Task directions
The required answer is the data below, restated word for word with images omitted.

Data section
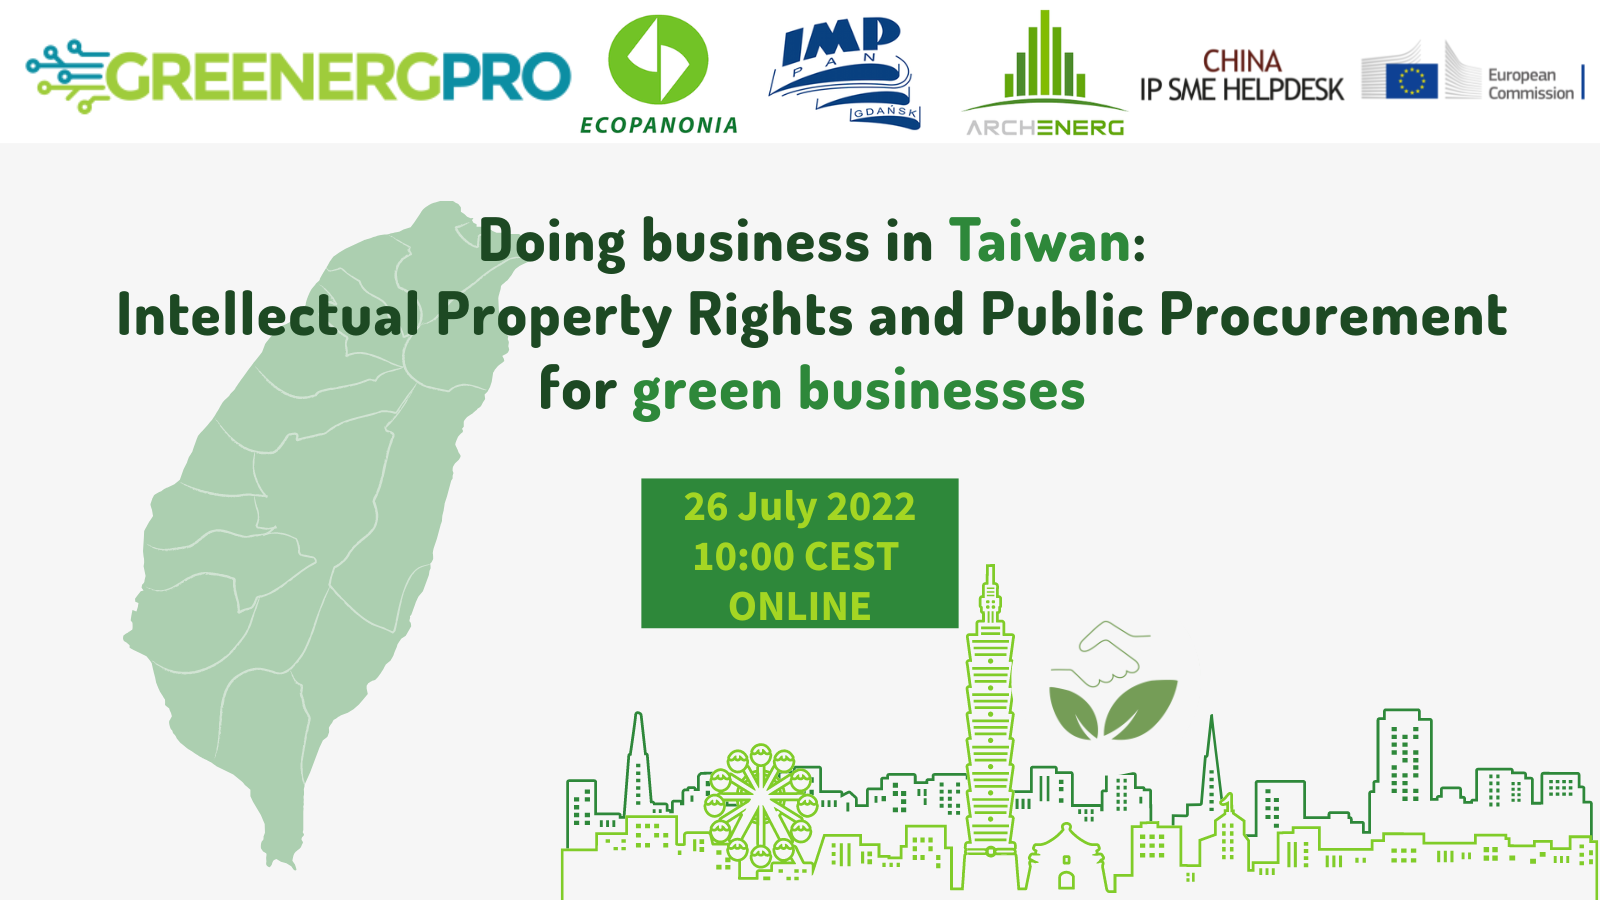 Doing business in Taiwan - Intellectual Property Rights and Public Procurement
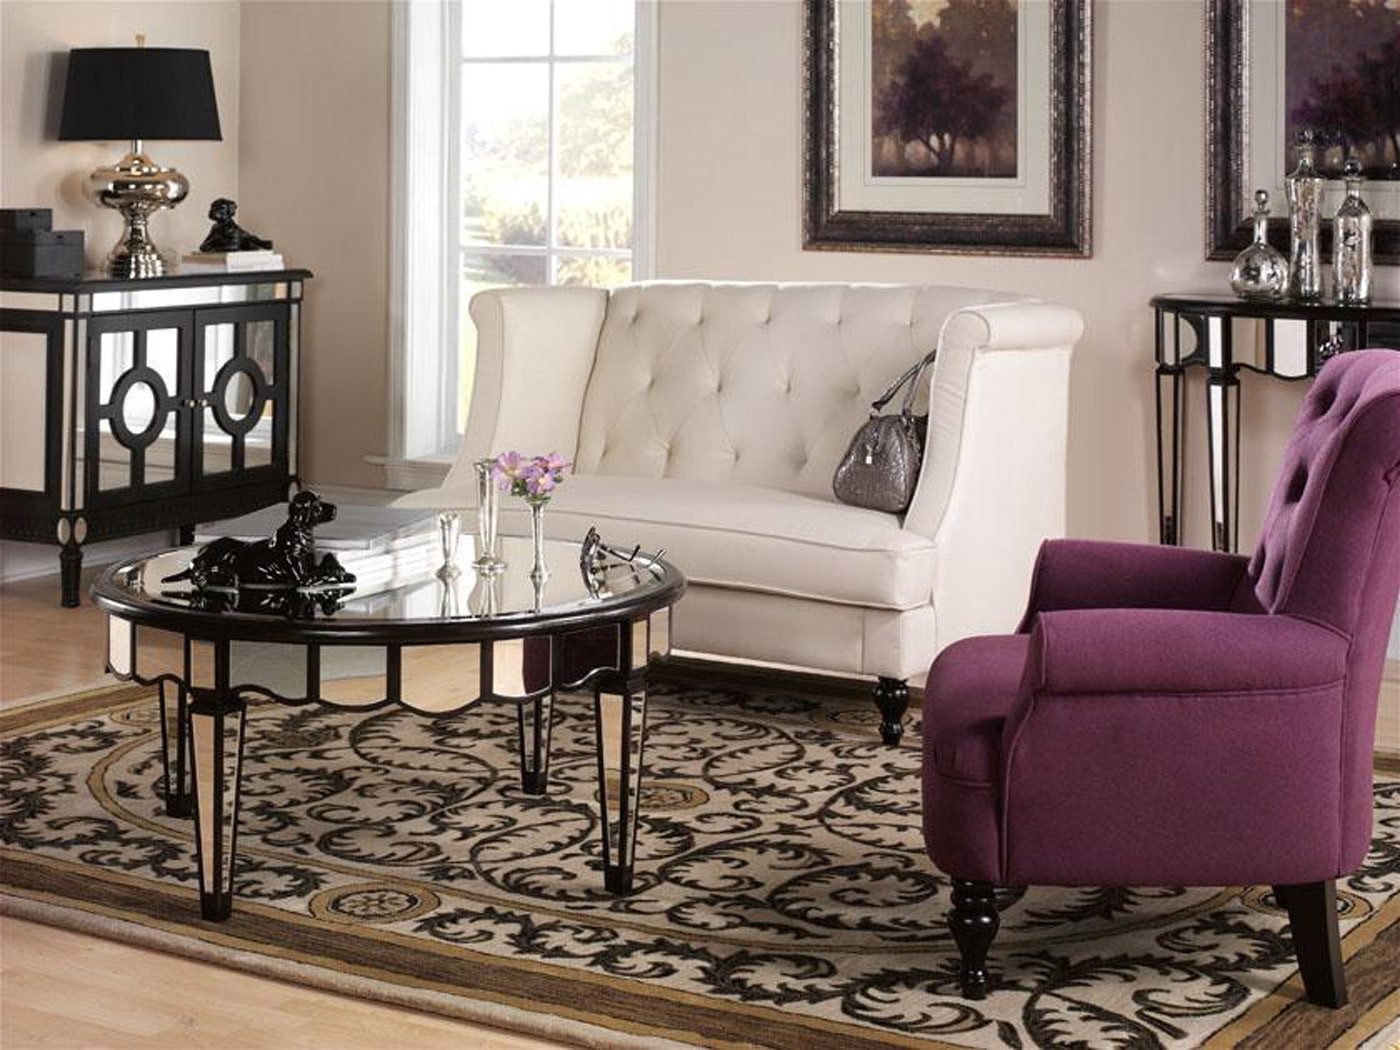 Modern Living Room Tables
 Find Suitable Living Room Furniture With Your Style

Solved problem
 Doing business in Taiwan - Intellectual Property Rights and Public Procurement
 Modern Living Room Tables
 Find Suitable Living Room Furniture With Your Style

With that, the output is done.